**** Data provided ****

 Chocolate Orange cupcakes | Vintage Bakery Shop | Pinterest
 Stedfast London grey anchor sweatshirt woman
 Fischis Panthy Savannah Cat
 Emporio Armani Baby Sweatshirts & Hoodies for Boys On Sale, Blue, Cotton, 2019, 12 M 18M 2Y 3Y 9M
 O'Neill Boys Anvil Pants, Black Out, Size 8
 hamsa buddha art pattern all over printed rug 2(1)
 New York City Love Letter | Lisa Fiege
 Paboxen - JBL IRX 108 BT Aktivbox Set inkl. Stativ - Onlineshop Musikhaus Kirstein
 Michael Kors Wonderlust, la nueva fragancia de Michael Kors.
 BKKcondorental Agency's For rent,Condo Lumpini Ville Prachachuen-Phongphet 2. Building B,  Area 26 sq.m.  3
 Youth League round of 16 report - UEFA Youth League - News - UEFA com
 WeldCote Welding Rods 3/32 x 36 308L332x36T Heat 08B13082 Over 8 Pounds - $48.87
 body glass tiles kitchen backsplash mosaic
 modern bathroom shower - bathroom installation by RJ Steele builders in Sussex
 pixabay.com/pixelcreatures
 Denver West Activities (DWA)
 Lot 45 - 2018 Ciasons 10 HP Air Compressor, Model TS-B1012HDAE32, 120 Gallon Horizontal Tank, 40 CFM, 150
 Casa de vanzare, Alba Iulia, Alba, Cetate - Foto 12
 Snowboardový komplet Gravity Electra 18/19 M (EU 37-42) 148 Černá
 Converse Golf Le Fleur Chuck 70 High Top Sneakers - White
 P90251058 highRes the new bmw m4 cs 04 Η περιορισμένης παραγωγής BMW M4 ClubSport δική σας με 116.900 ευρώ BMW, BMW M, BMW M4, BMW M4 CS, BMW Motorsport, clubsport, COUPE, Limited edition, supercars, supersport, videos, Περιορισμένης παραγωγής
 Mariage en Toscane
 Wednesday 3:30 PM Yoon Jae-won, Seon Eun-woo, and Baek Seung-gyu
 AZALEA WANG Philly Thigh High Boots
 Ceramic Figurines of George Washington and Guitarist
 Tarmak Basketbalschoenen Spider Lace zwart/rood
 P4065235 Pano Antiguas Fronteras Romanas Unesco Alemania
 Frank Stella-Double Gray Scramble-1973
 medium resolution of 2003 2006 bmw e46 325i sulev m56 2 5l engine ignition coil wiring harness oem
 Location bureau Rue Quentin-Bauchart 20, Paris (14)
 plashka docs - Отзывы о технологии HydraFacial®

****

▸ **Work item**
Find how many lines of the entries include the word "Boys". The number is the entire reply.

▸ **Response below**
2